Why is it so important to feed organic feed? Isn’t non-GMO almost as good?

This pig is smiling. Life in the dirt is great. It’s better with organic whole food. Our pigs’ food is truly chemical free, which means a whole lot more than just “non-GMO.”

What’s so special about our pasture-raised eggs and pork? In addition to living life outside, where 9-10 months a year we give them a fresh swath of pasture to graze every few days, our hens and pigs are also fed a ration of locally milled, certified organic feed from Reedy Fork Organic Farm. Why does organic matter if you can get non-GMO-fed and pastured eggs and pork, isn’t that just as good?

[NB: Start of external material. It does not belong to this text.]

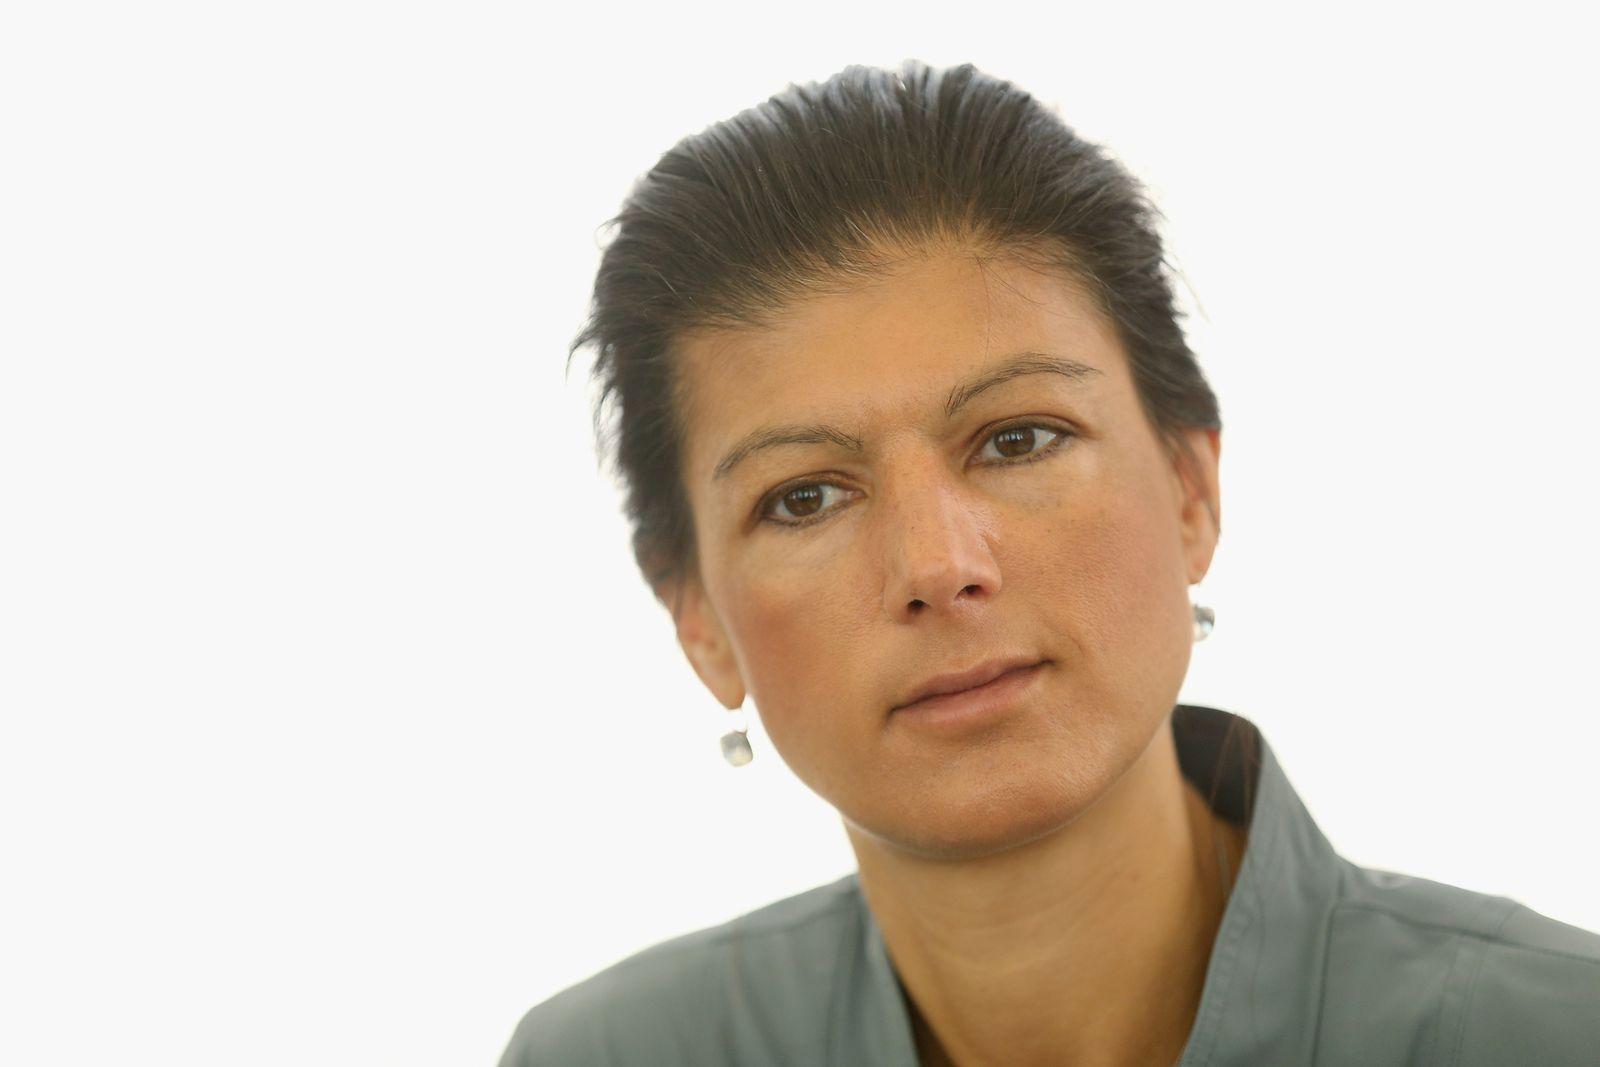 Sahra Wagenknecht/ Linke

In a word, NO! The chemicals that are used to raise non-GMO grains are no joke, and it was actually the marketplace’s desire to avoid them that GMOs used to justify their own inception. Basically, it went like this: “These chemicals are really bad, so you need glyphosate, aka RoundUp, which is as safe to drink as water…” We now know, of course, that that’s not true. And now everyone is all up in arms about glyphosate and acting like non-GMO solves all those problems. Sorry, it’s not that simple, folks.

DDT can still be in non-GMO grains

If you don’t believe me, just look up chemicals like atrazine, acetoclor and metaolachor, which are known and suspected carcinogens. Even our good ol’ friend DDT is not totally banned from use in the U.S., as it it still used as a constituent element in the formulation of more complex chemicals.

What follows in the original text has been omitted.